The voice of the people contrasts sharply with that of teachers unions and entrenched educrats. For example, Hunter College pollsters were surprised at the pro-voucher response among citizens in majority Democratic New York. And though the National Education Association (NEA) concedes that school choice "has gained political momentum," its war against school choice goes on. But the voucher proposals slated for Michigan and California ballots have been carefully crafted to counter the usual campaign slogans of anti-choice opponents. For example, each guarantees funding levels for public schools, thus exploding the myth that voucher supporters are out to destroy public schools.

In 1993, the California Teachers Association, assisted by the NEA, clubbed a California voucher initiative into the ground, outspending the "yes" campaign by more than 4 to 1. But this time around, Golden State voucher backers have deep pockets, too. Silicon Valley venture capitalist Tim Draper has pledged $20 million to support Proposition 38 and is working to raise another $20 million in outside support, according to Mr. Friedman. That's a hefty sum, even when measured against seemingly bottomless teachers union warchests. Should Proposition 38 prevail in bellwether California, vouchers could become a permanent part of the national educational landscape.

Charter schools, still under government control, do not offer the opportunity to teach a Christian worldview, but their stress on meeting specific student achievement goals and their exemption from much of the bureaucratic red tape that ensnares state-run public schools are definite pluses. Unlike public schools, charter schools that fail to educate kids are shut down. Growing parental demand for charter schools has made them diverse, according to the Heritage Foundation report. For example, Michigan has charter schools for pregnant teenagers, Hispanic students at risk of dropping out, and young people with learning disabilities.
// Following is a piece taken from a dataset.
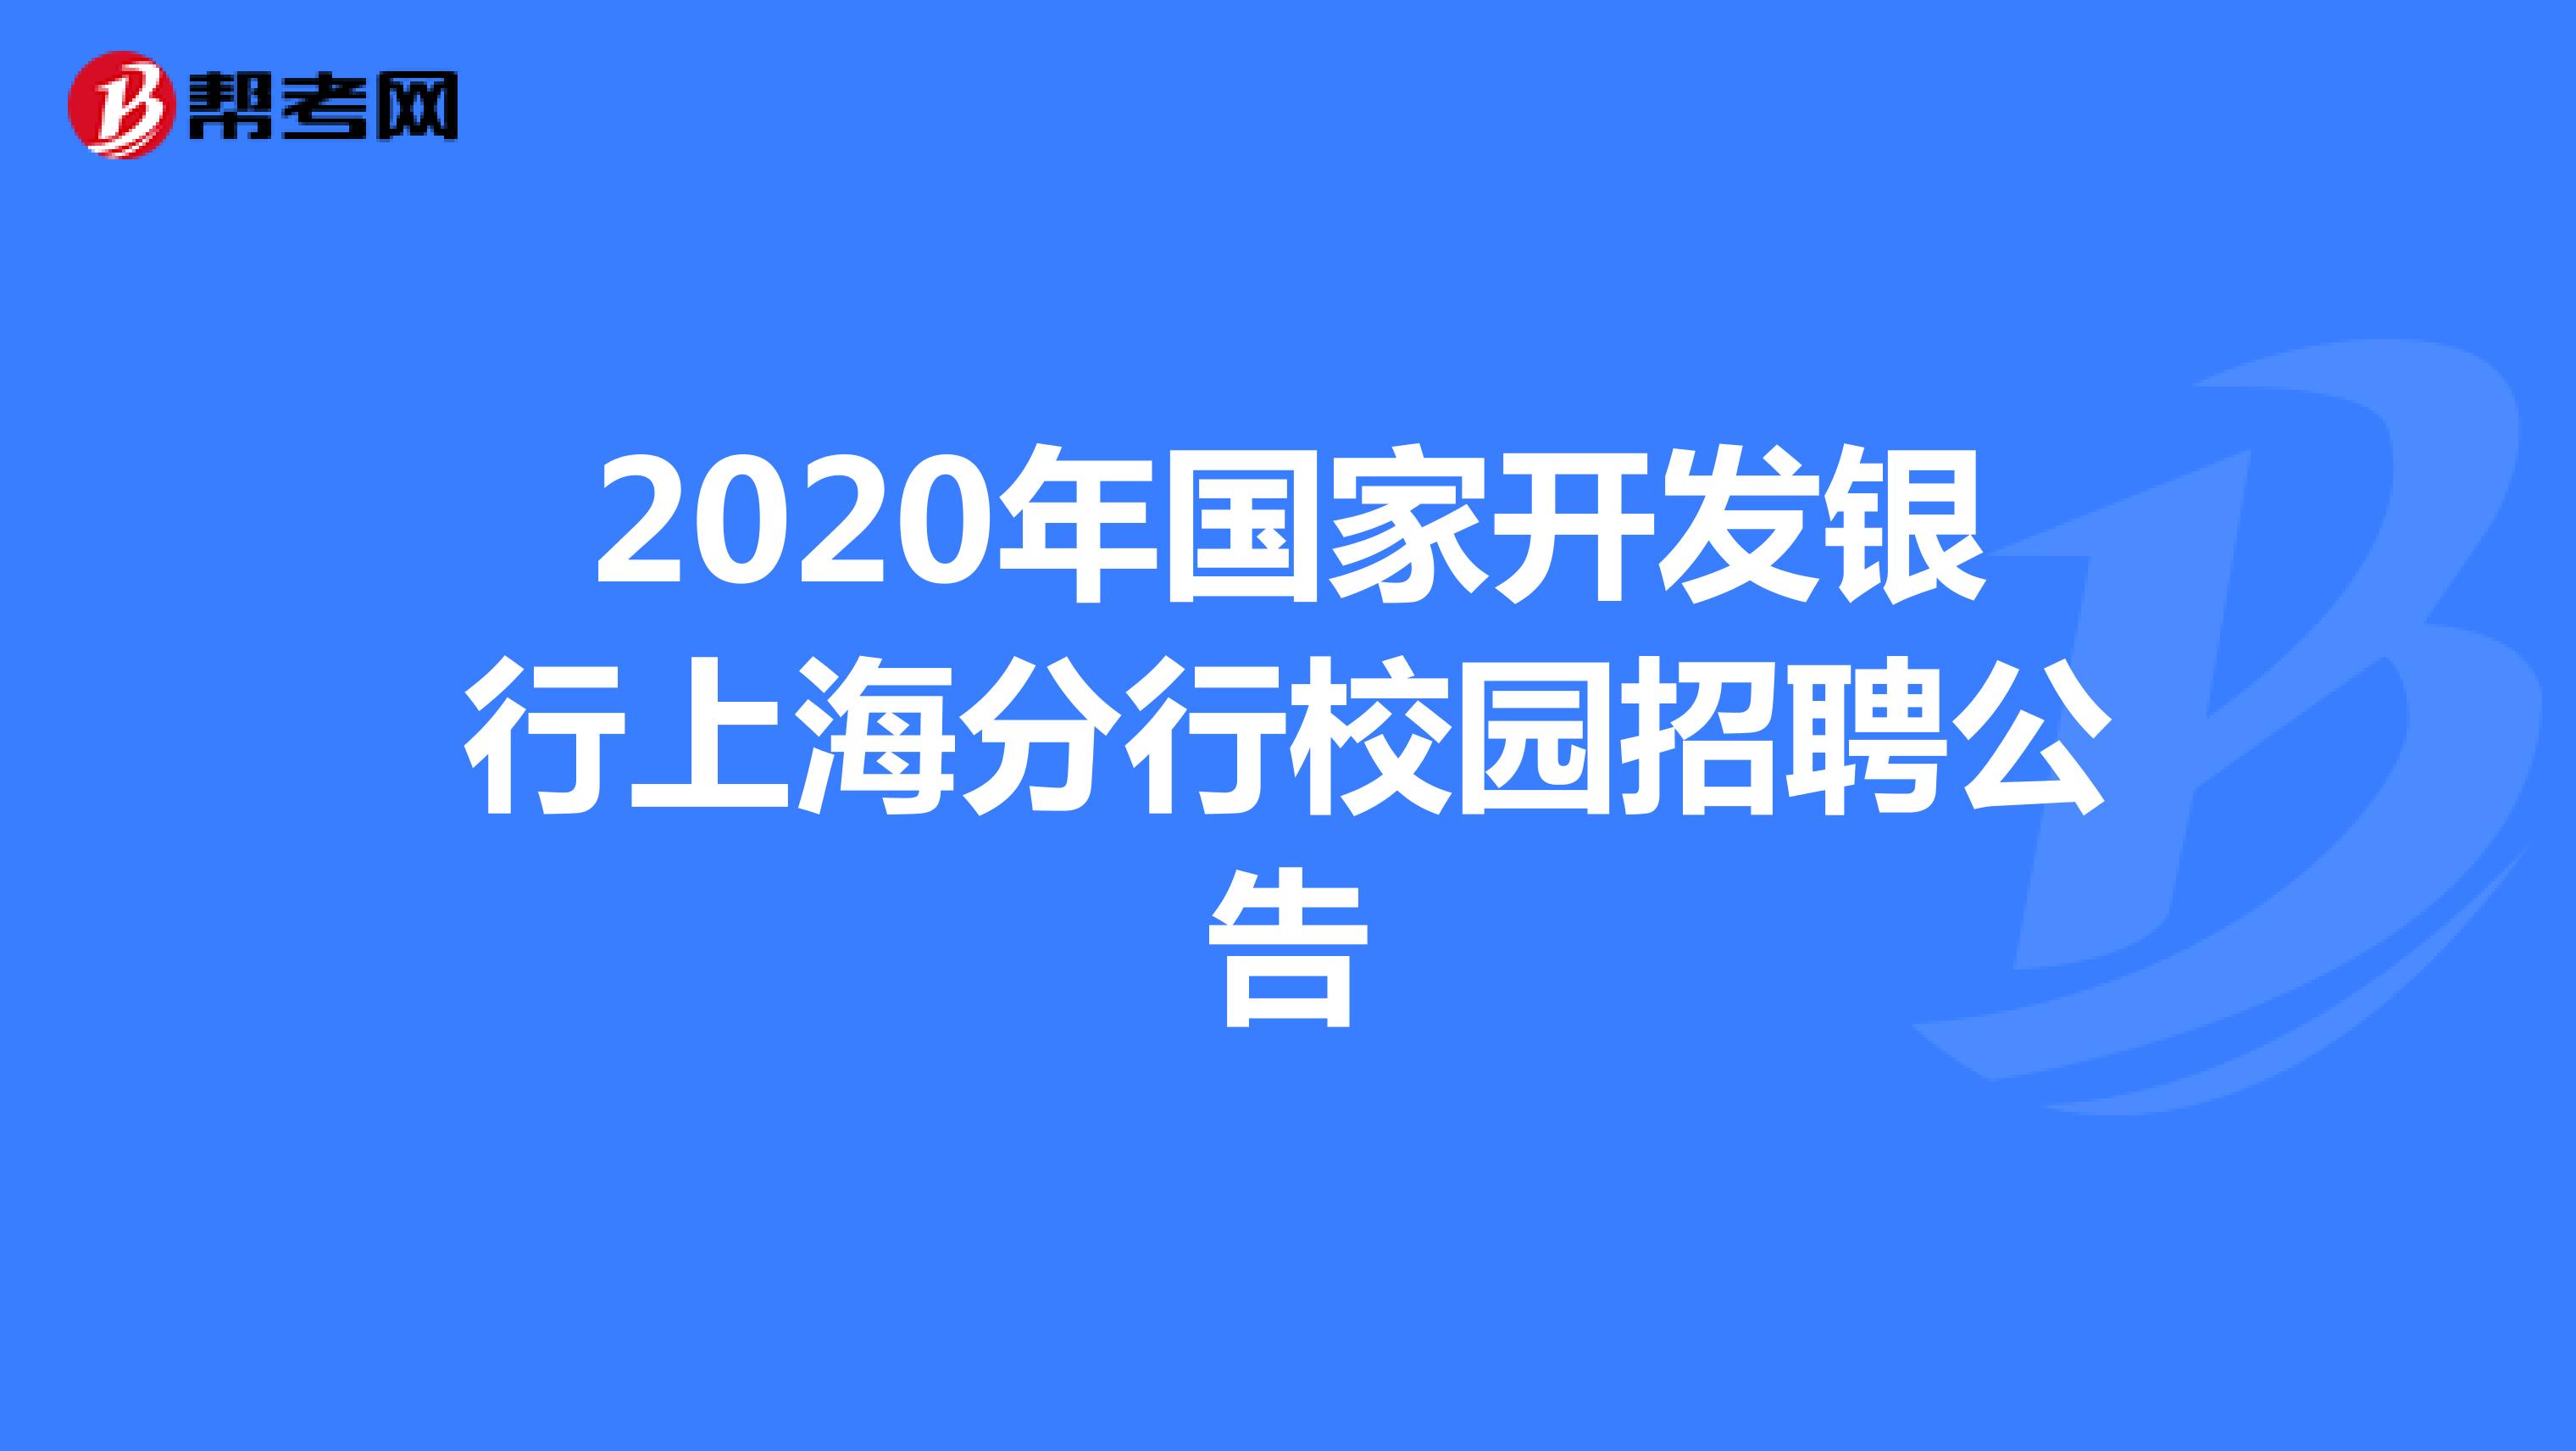 2020年国家开发银行上海分行校园招聘公告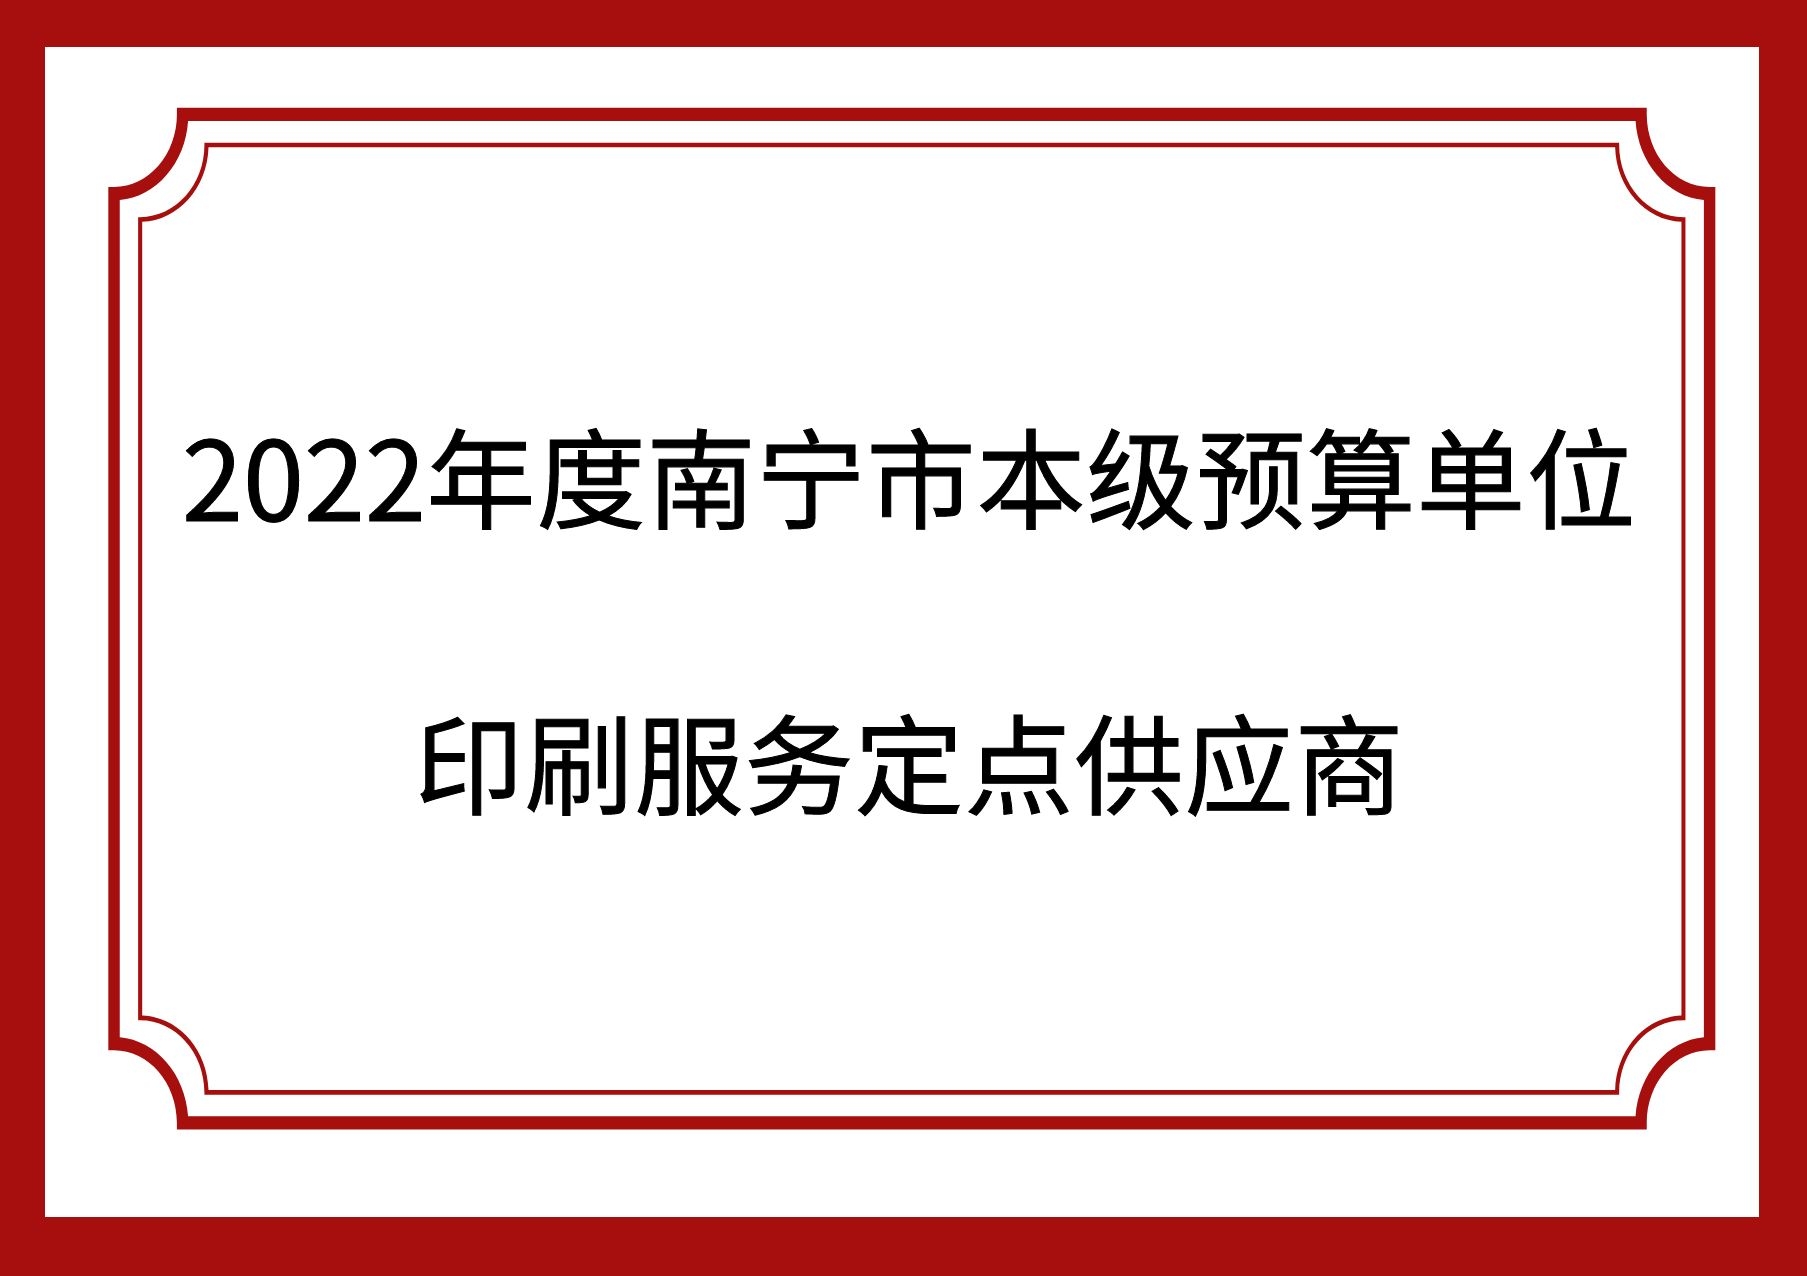 2022年度南宁市本级预算单位印刷服务定点供应商

The U.S. Department of Education reports that more than 400 new charter schools opened across the country in 1999, bringing to nearly 1,500 the total number of such institutions operating nationwide.

Studies show satisfaction high among charter-school parents. In Massachusetts, for example, 60 percent of such parents surveyed by the Pioneer Institute gave their children's schools an A, while only 37 percent of public schools rated an A with surveyed parents. Nearly two-thirds of those surveyed said their children were performing better academically in charter schools than they had in public schools.

School-choice advocates have maintained that competition will help public schools; Florida last year provided some evidence of that. By the end of the first year of Gov. Jeb Bush's A+ Education Plan voucher program, 76 of the state's 78 failing public schools had raised standardized test scores so much that their students are no longer eligible for vouchers. (The other two schools closed.) While some Florida public-school administrators admitted "teaching the test," others reported real reform. In Marion County, schools reported instituting changes such as smaller class sizes and intensive teacher training in reading, writing, and math. When officials tallied statewide testing results for 1999-2000, only four Florida public schools received the scarlet F. None was among the original 78. Patrick J. Heffernan, president of Floridians for School Choice, said: "The central argument against school choice-that it will destroy the public schools-has been debunked once and for all."